Gratitude Pearls

“When I’m cold I just put another rope of pearls on.” – Dorothy Parker, writer, critic, and satirist

Realistically, what we need most when we shiver from any coldness of life, or just-tired-of-negative-news malaise, is gratitude. This week encompasses our nation’s traditional day of giving thanks for the good news of life. The goodness is that we are HERE! Give a shout-out to your ancestors who undoubtedly experienced much literal and figurative coldness in their lives but they persevered. Perhaps they wore pearls. Hopefully, they expressed gratitude. Often.

Reviewing life events and finding thanksgiving moments is meaningful in a myriad of ways. Producer and composer Barry Goldstein wrote a song entitled “The Moment” which expresses gratitude simply for being alive and “not wasting” another second of life. What we “waste” often are moments when we might express our gratitude to others. Gratitude for others’ contributions to our lives affirms our belongingness and interdependence. If our DNA is anywhere close to 99.9% the same as the next guy or gal, how can we fail to care about each other?

As gratitude researcher and psychologist Robert Emmons points out, gratitude implies humility, a realization that we might not be who we are or where we have landed in life without the contributions of others. One pearl does not make up a string of pearls. A solitary pearl is lovely, but there is something precious about pearls that hang together.

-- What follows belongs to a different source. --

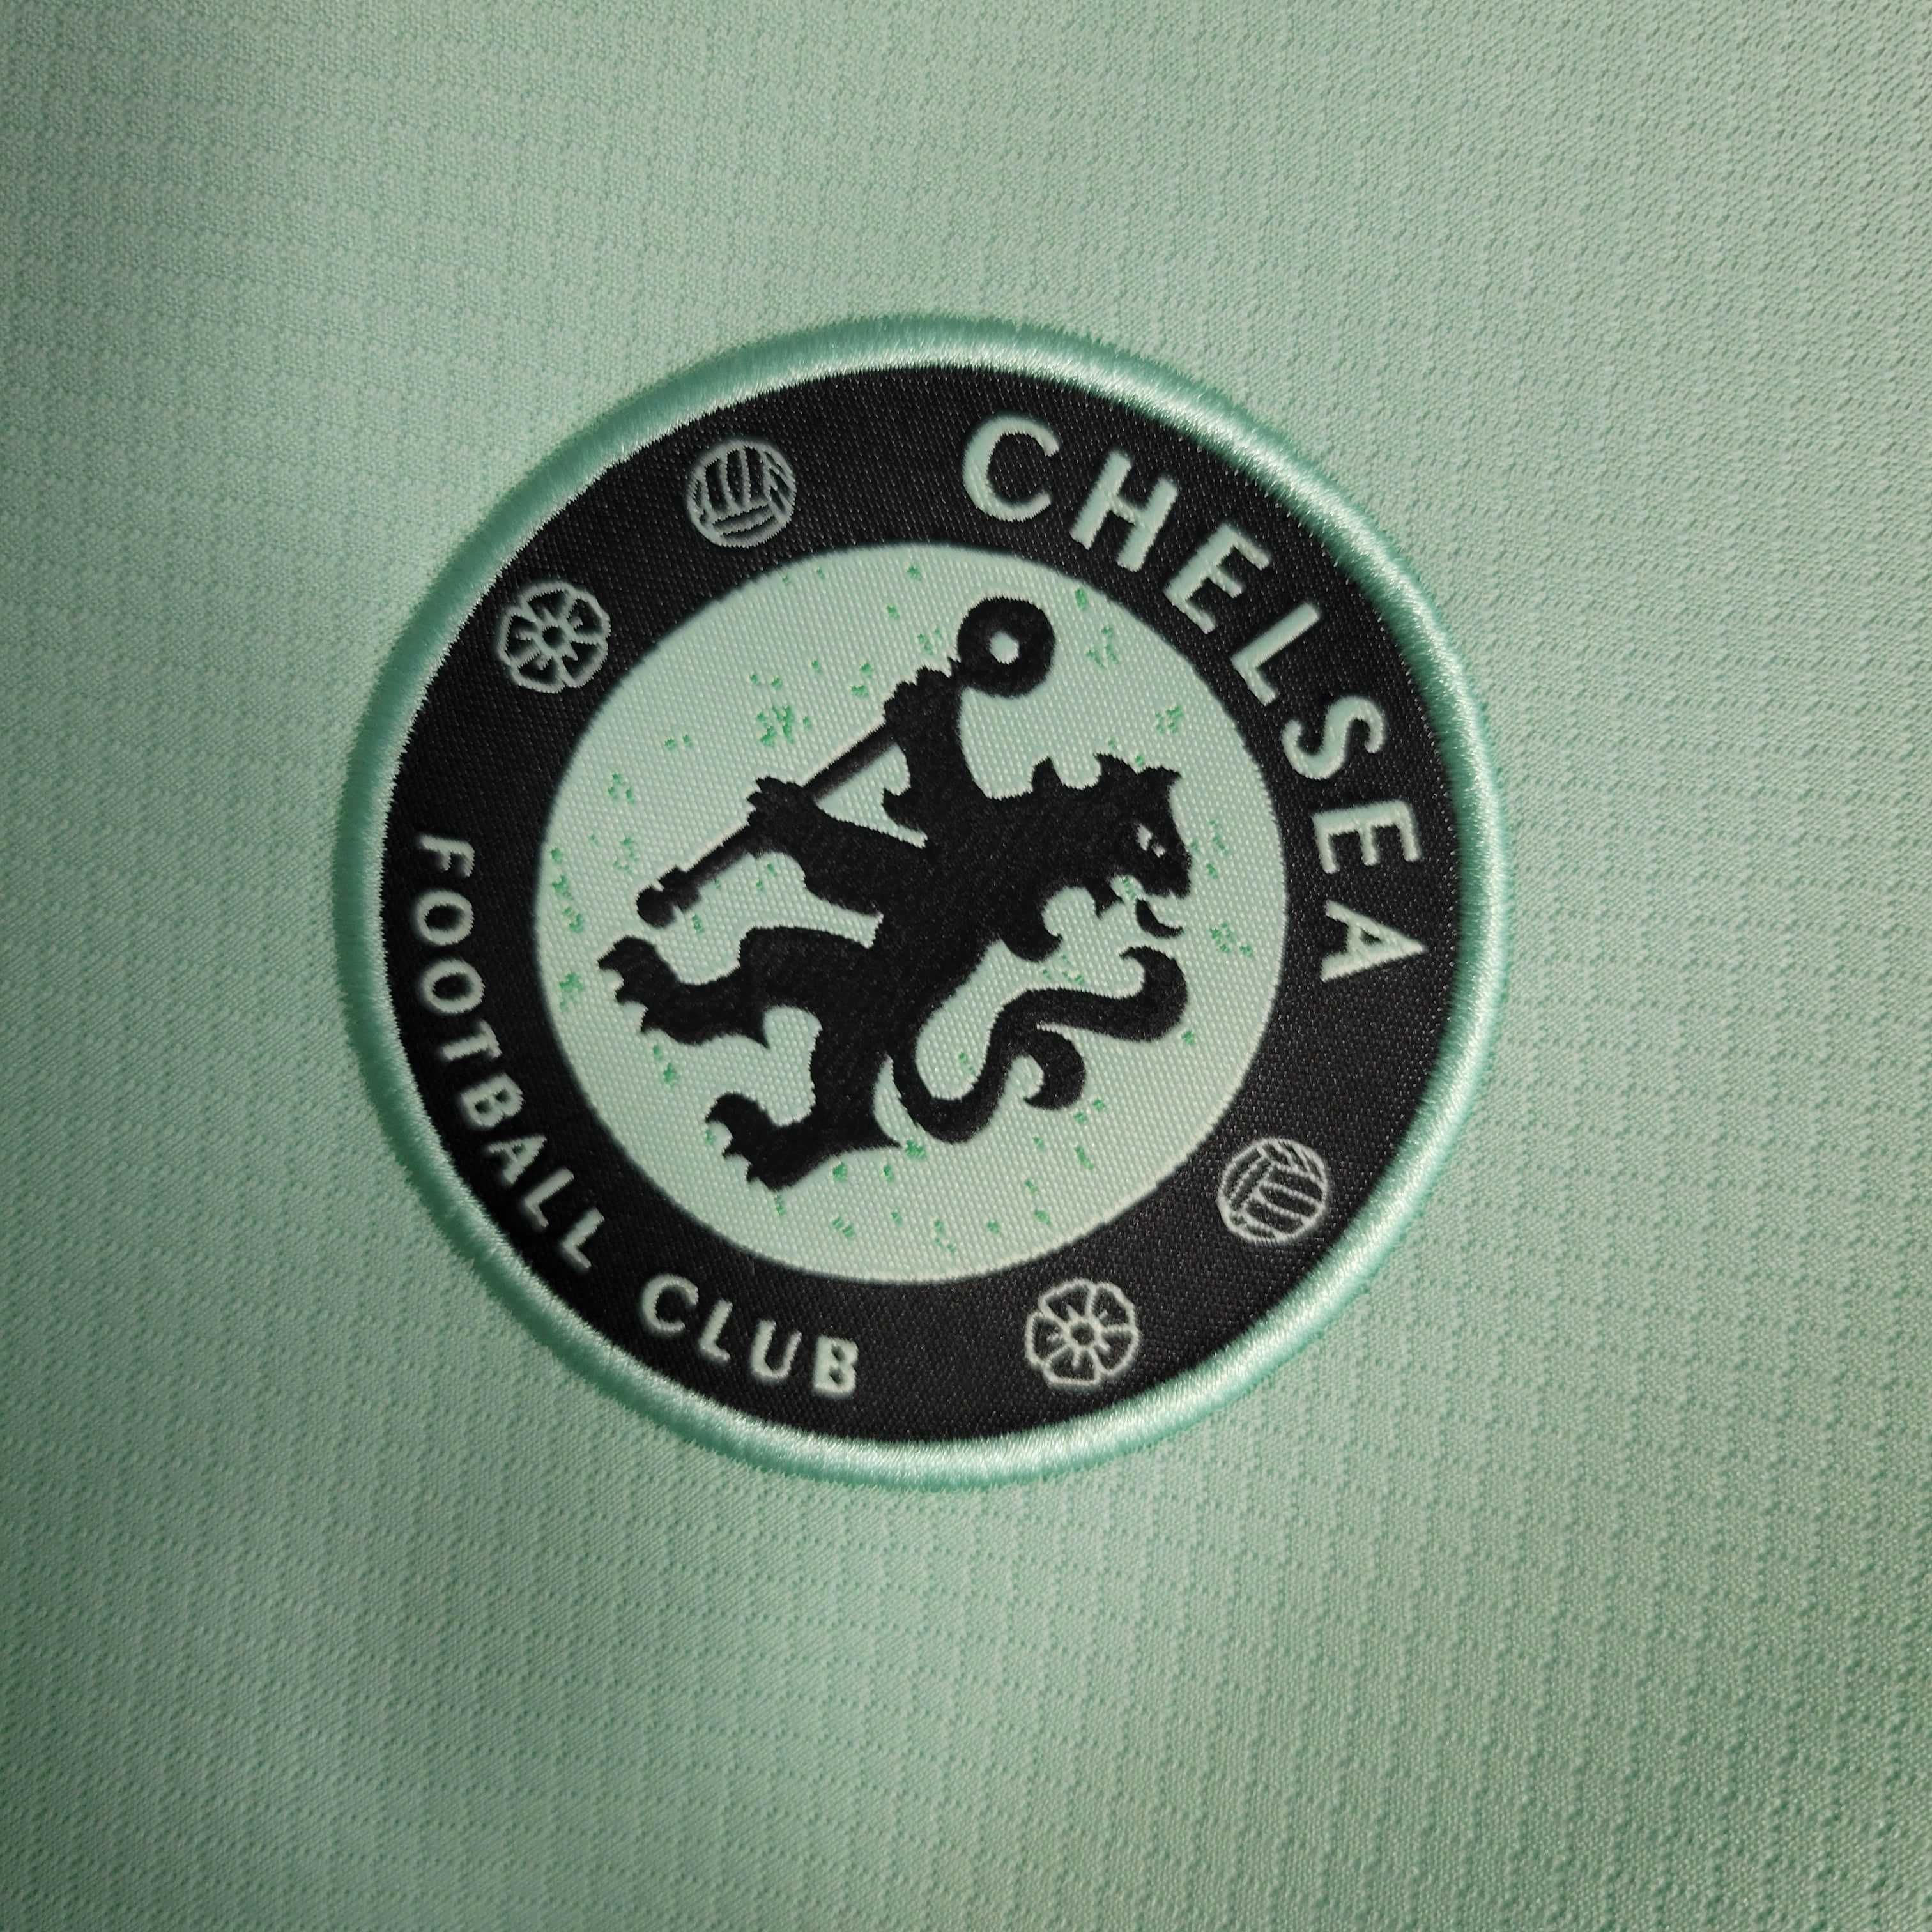 Chelsea Away Kit Jersey

Interdependence, a stringing together of caring for each other’s needs, is especially key at the beginning and ending of life. We are grateful for the birth of a beloved baby and we are grateful for having known a beloved one when they die. Gratitude is felt keenly; it is not unusual to have tears accompany gratitude moments. The part of your personality that may keep you from feeling gratitude is a complainer or critic. When you are busy with a downer-mentality, it is difficult to let your gratitude meter flow freely.

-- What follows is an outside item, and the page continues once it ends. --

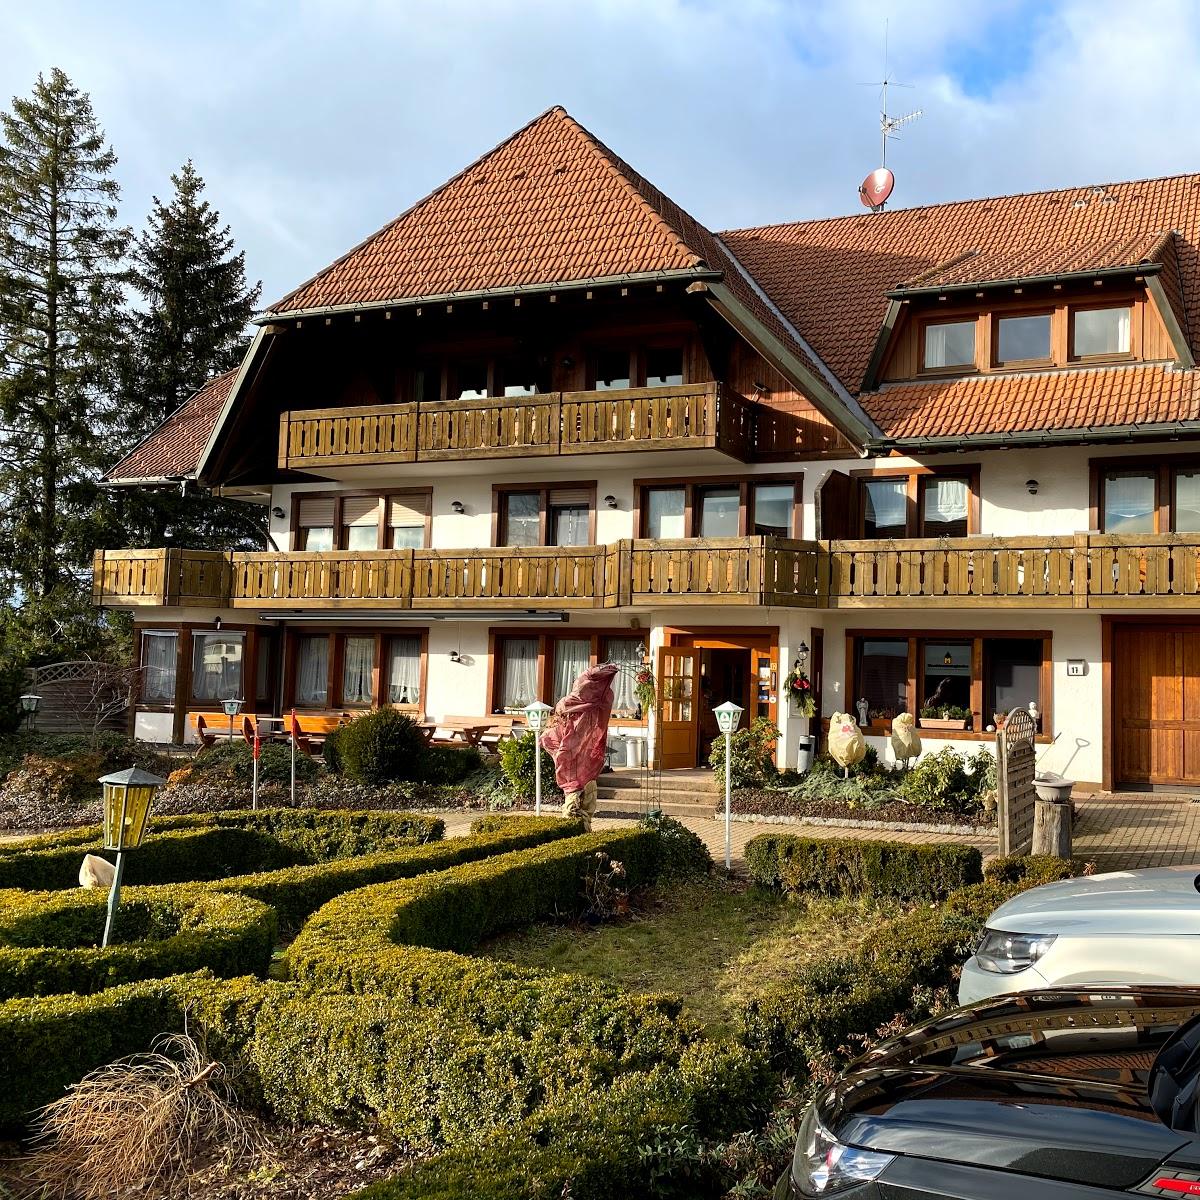 Restaurant "Hotel Landgasthof Kranz, Familie Späne" in Görwihl

This week tap into the resilience of gratitude moments. The power in gratitude takes you closer to having self-compassion as well as having compassion for others. Yes, there is much suffering, cold rhetoric, and violence in our world. I am not suggesting that you forget that. I am suggesting that you hold onto a sense of gratitude while you address the chilly issues in life that cause suffering. Gratitude is a healer. It will warm up what needs warming up.

Whether you attend Thanksgiving with family or enjoy a Friendsgiving, tell at least one other person something you are grateful for in them. 

Pearls of Peace (PoP) Quiz:

32. What is the first thought that comes to mind when you think of gratitude?

33. What are you most grateful for from your childhood?

By Janis Johnston

Janis Clark Johnston, Ed.D., has a doctorate in counseling psychology from Boston University. She has worked with children, families, and groups (ages 3-83) with presenting issues of anxiety, depression, trauma, loss, and relationship concerns. She initially worked as a school psychologist in public schools and was awarded School Psychology Practitioner of the Year for Region 1 in Illinois for her innovative work. She was a supervising psychologist at a mental health center, an employee-assistance therapist and a trainer for agencies prior to having a family therapy private practice. Recipient of the 2011 Founder’s Award for her dedication to the parenting education of Parenthesis Family Center (now called New Moms), and the 2002 Community Spirit Award from Sarah’s Inn, a domestic violence shelter and education center, Johnston is an active participant in numerous volunteer activities supporting children and families in her community. A frequent presenter at national psychology and educational conferences, Johnston has published journal articles, book chapters, and two books -- It Takes a Child to Raise a Parent: Stories of Evolving Child and Parent Development (2013, hardback; 2019, paperback) and Midlife Maze: A Map to Recovery and Rediscovery after Loss (2017, hardback; 2019, paperback). In addition to augmenting and supporting personal growth in families, Johnston is a Master Gardener and loves nurturing growth in the plants in her yard.


  1. Thank you for the words on gratitude. Such a good reminder any time, but especially this week. I am grateful for your pearls.


    1. I am grateful for so many people, but this morning I want to express gratitude for ALL subscribers to Pearls of Peace. Your feedback, both on the blog and sent to me privately, is much appreciated!


  2. The song arises: “What the world needs now is love, sweet love. That’s the only thing that there’s just too little of”
    Thanks for your beautiful reminder of the need to appreciate each other.